Source information:
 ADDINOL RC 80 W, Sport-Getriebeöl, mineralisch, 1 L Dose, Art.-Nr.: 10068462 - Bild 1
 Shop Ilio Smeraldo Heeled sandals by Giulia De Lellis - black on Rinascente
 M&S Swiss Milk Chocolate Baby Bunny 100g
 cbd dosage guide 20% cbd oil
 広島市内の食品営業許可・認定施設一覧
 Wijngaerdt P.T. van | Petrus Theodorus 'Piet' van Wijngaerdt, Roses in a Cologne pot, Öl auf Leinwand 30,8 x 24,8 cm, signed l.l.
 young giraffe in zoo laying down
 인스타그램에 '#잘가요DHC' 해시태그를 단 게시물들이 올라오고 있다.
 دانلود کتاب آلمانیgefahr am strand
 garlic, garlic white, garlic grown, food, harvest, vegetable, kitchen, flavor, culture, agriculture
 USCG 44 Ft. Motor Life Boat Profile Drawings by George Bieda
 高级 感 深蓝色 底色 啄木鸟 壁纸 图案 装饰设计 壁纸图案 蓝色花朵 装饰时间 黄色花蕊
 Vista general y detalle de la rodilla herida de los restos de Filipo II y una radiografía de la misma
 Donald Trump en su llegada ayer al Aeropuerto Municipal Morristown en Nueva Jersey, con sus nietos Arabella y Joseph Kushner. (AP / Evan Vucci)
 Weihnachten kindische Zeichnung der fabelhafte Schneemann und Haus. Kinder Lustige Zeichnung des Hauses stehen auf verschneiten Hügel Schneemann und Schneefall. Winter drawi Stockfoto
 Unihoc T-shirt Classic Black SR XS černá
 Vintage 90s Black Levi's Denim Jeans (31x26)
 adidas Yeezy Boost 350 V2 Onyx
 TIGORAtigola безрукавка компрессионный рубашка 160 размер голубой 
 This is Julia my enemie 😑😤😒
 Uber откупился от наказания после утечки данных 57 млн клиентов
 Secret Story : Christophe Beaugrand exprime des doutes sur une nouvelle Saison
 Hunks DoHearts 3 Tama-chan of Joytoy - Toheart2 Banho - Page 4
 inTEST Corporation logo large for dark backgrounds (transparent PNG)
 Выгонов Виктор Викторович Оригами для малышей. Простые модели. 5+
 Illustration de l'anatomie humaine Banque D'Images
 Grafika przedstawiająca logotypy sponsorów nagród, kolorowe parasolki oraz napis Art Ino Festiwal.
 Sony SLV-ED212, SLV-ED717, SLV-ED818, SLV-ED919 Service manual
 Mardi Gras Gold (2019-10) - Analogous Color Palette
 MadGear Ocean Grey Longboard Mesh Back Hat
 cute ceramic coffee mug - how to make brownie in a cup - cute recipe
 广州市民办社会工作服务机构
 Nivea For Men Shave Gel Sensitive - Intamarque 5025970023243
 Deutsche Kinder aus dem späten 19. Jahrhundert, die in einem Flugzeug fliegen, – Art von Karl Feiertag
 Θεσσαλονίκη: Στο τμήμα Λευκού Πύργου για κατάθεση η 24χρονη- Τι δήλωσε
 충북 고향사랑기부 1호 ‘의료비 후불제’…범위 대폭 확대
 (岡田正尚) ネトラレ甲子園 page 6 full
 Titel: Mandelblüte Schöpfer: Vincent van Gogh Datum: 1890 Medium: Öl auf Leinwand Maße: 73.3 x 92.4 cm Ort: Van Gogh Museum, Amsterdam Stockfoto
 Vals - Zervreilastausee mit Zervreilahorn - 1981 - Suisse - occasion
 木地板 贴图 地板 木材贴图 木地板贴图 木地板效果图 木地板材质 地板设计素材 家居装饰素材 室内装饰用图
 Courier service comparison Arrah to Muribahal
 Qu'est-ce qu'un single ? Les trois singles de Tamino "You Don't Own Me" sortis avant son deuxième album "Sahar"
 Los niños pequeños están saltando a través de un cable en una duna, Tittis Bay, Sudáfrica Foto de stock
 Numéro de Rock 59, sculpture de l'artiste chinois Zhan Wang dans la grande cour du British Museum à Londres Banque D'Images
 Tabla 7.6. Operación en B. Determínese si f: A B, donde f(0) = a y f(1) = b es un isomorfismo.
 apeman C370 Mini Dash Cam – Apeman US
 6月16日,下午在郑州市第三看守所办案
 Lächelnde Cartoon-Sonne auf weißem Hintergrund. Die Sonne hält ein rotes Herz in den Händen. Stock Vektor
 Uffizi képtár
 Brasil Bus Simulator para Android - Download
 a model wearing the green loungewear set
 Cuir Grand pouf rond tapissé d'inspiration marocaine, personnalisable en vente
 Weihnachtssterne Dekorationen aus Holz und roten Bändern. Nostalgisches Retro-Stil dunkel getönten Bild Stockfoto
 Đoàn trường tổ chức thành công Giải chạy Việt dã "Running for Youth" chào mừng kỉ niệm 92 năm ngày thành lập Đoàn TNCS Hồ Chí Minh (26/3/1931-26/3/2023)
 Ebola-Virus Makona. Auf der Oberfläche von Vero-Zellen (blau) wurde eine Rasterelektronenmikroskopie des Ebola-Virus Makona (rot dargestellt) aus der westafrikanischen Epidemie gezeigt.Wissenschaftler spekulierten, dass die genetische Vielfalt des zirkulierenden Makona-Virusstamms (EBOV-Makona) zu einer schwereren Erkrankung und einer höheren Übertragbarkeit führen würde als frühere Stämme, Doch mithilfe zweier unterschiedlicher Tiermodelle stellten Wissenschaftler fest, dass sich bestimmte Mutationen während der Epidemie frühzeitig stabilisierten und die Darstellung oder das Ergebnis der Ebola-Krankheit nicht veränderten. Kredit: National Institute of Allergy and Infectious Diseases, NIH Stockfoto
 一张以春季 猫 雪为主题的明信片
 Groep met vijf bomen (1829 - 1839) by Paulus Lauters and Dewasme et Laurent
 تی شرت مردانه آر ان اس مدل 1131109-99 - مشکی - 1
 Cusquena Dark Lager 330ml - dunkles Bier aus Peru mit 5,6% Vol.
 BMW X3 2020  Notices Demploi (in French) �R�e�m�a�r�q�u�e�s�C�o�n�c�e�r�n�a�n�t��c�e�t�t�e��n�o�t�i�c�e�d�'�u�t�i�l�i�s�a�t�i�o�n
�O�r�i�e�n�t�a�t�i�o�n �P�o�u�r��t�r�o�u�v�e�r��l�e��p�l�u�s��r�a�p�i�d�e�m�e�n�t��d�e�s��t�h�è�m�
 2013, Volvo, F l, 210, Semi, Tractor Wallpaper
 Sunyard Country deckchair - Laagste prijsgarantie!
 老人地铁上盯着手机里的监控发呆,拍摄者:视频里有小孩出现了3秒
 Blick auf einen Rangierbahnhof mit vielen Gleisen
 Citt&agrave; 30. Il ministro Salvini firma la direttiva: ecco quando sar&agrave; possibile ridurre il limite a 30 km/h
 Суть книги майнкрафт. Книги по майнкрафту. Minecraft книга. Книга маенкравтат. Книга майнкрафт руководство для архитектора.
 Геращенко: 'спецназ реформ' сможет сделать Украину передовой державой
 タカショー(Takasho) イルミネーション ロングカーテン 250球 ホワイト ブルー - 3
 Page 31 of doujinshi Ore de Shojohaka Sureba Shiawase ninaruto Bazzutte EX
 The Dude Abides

Your objective: The response must give every line from the material above that holds the string "Images".

Completed task:
 Illustration de l'anatomie humaine Banque D'Images
 Numéro de Rock 59, sculpture de l'artiste chinois Zhan Wang dans la grande cour du British Museum à Londres Banque D'Images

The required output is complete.